Using Trimer-Tag© technology, Clover successfully produced the subunit vaccine in a mammalian cell-culture based expression system on 10 February. The company also identified antigen-specific antibody in the serum of fully recovered patients who were previously infected by the virus. A highly purified form of the S-Trimer vaccine is expected to be available in six to eight weeks for performing pre-clinical studies. The company is equipped with in-house cGMP biomanufacturing capabilities to scale-up production if the vaccine is proven to be successful. Clover is also collaborating with GSK to develop a vaccine using the latter’s pandemic adjuvant system.
Linear DNA Vaccine by Applied DNA Sciences and Takis Biotech
Applied DNA Sciences’ subsidiary LineaRx and Takis Biotech formed a joint venture on 07 February to develop a linear DNA vaccine as a treatment for coronavirus. They will use Polymerase Chain Reaction (PCR)-based DNA manufacturing technology to develop the vaccine. It offers several advantages including high purity, increased production speed, and absence of antibiotics and bacterial contaminants.

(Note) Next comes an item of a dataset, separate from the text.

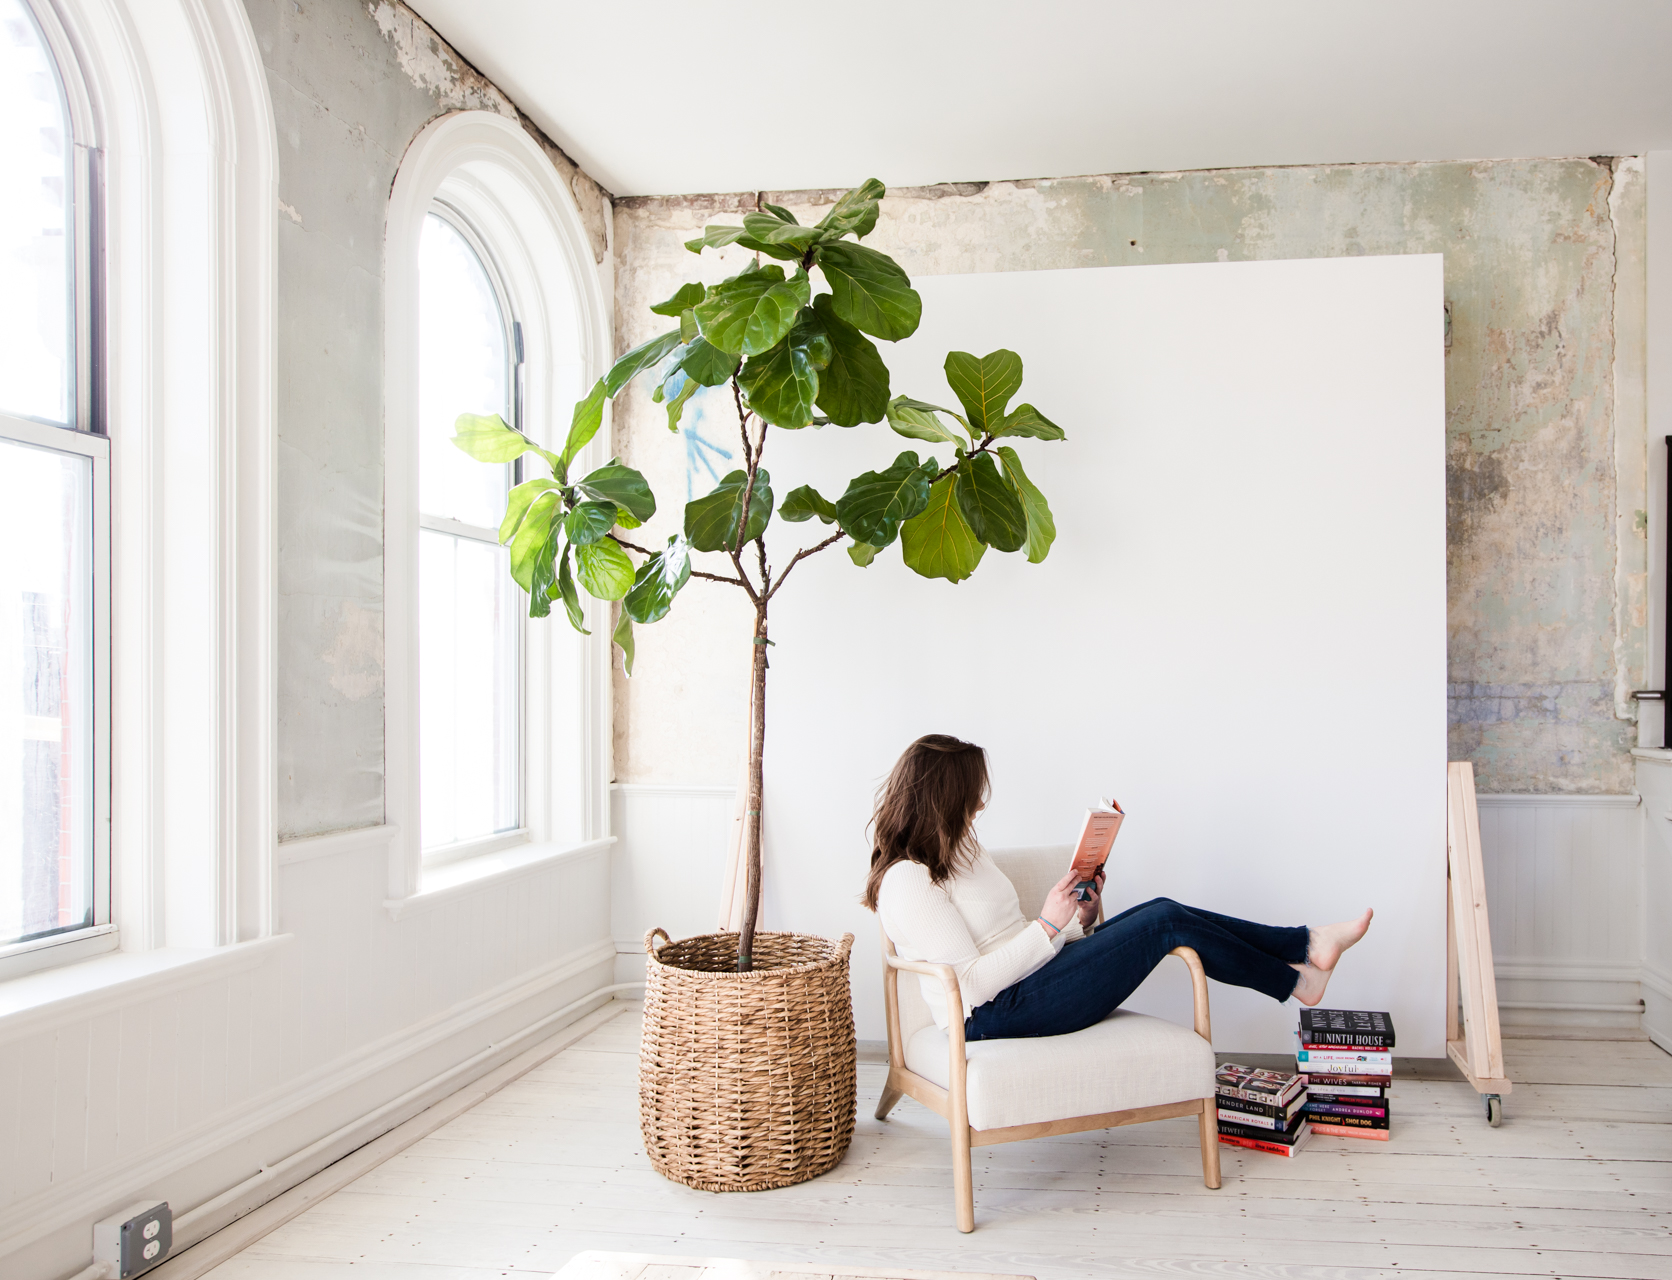 March & April Reading + Wine Pairing List | April Reading List by popular New England lifestyle blogger, Shannon Shipman: image of a woman reading a book in a white arm chair next to a fiddle leaf fig tree and pile of books.

Further, the vaccine gene developed through this technology can be effective without being inserted into the patient’s genome.

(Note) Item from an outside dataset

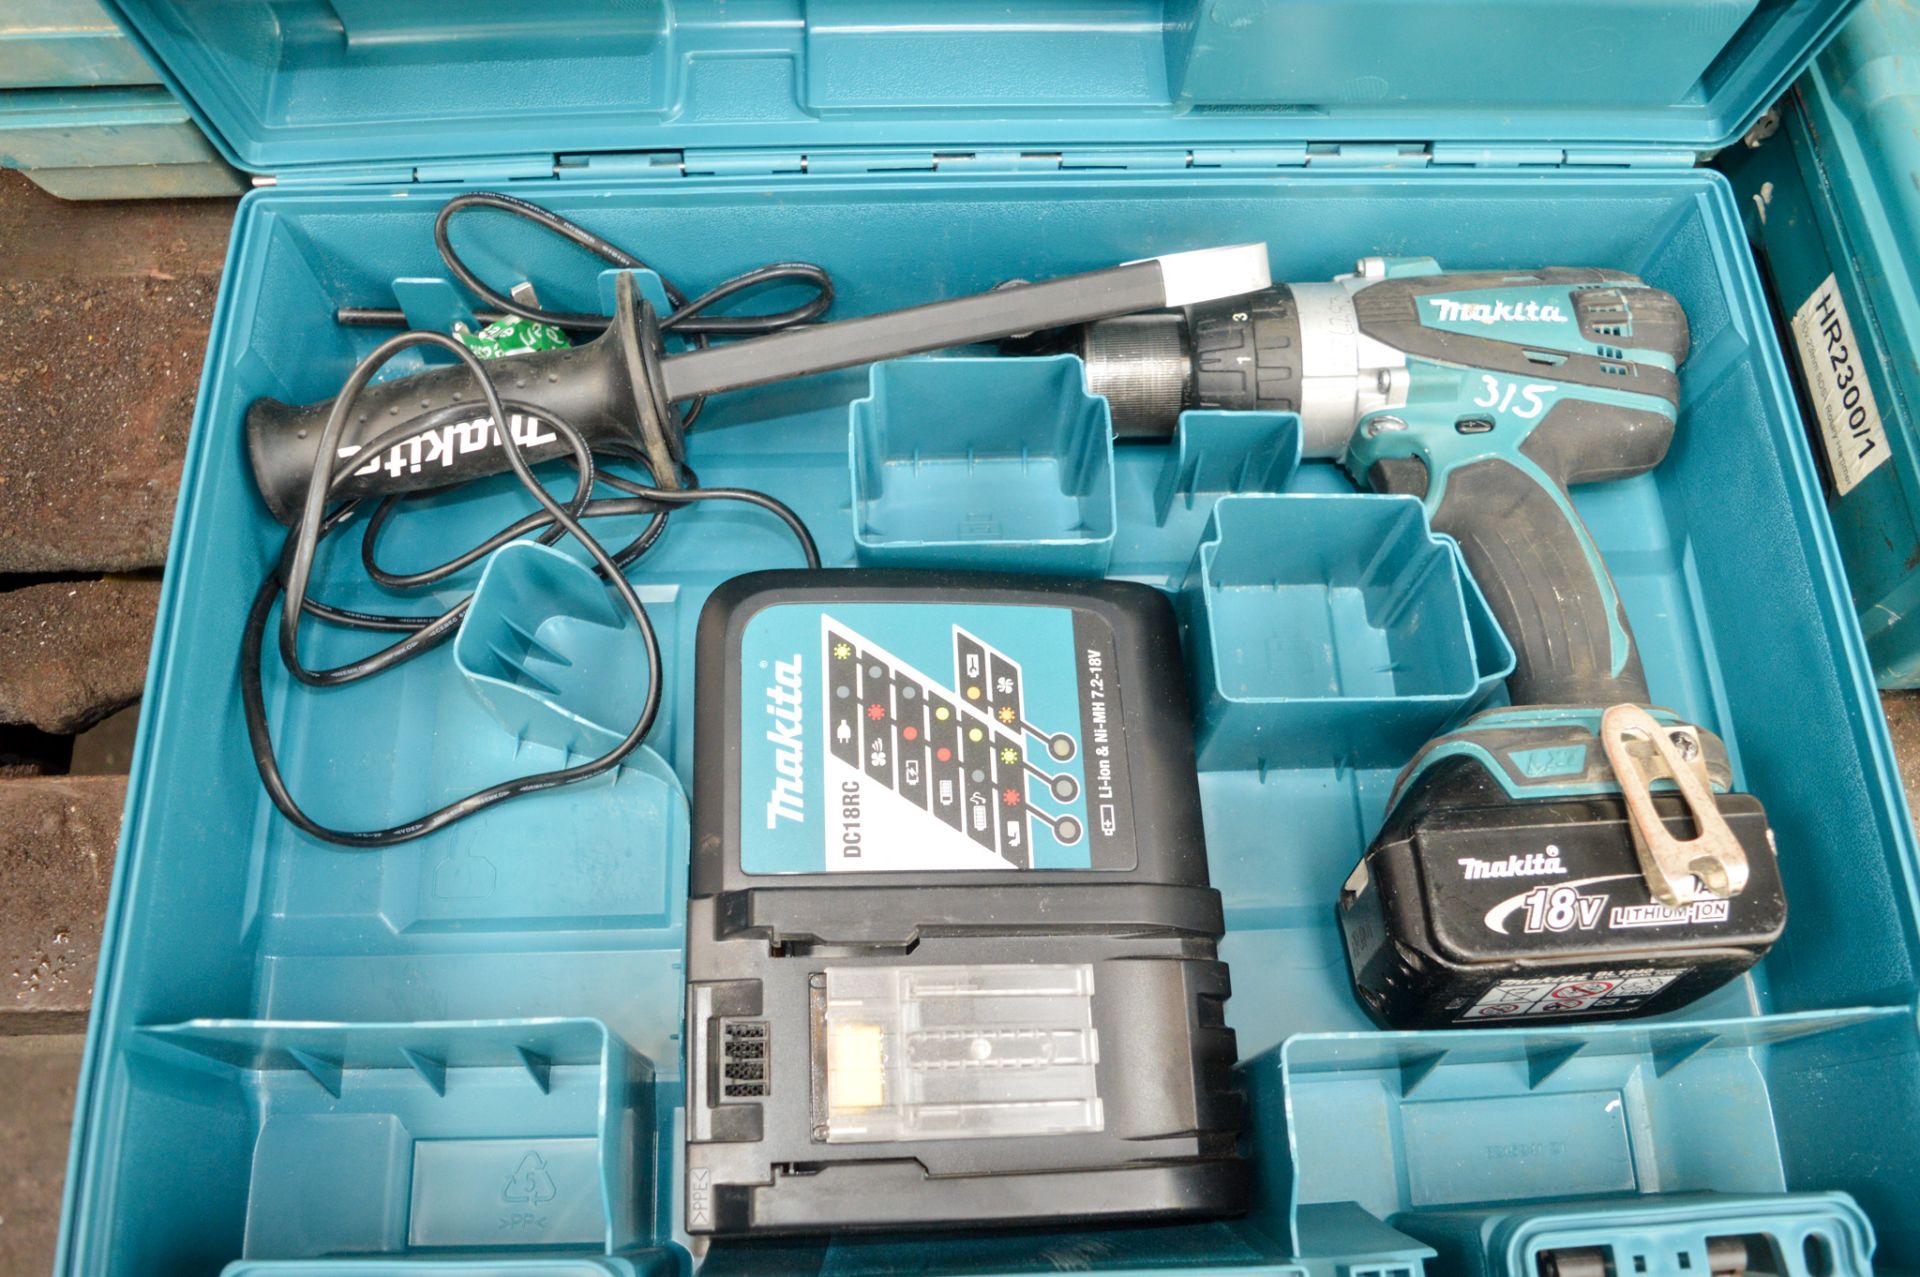 Makita 18v cordless power drill c/w 2 batteries, charger & carry case A636283

The design for four DNA vaccine candidates is expected to be produced using the PCR technology for carrying out animal testing. The design of one of the vaccine candidates is based on the entire spike gene of the coronavirus, while the remaining are designed based on the antigenic portions of the protein. Takis will likely begin animal testing in the second quarter of 2020.
Pirbright to test new coronavirus vaccines on animals
Working in collaboration with researchers at the University of Oxford and Public Health England, a team of scientists at Pirbright will begin testing new vaccines for their ability to induce protective antibodies against SARS-CoV-2. The vaccines will include the chimpanzee adenovirus vaccine vector (ChAdOx1) which is soon to enter human phase I clinical trials and has been used to create vaccines for diseases like Ebola, Middle Eastern respiratory syndrome (MERS) and flu.
The vaccine candidates developed at Oxford will contain the spike protein from SARS-CoV-2, the protein against which protective antibodies are generated in infected patients. Pirbright scientists will measure the level of antibodies produced after vaccination of pigs and assess whether the antibodies can block SARS-CoV-2 from infecting cells, thereby preventing infection. Importantly, the pig immune system shares significant similarities to that of humans, so a good response to a vaccine in pigs will help to predict the success of vaccines for human use. Researchers will also test the safety of the new vaccines and monitor whether any adverse effects are observed in the pigs.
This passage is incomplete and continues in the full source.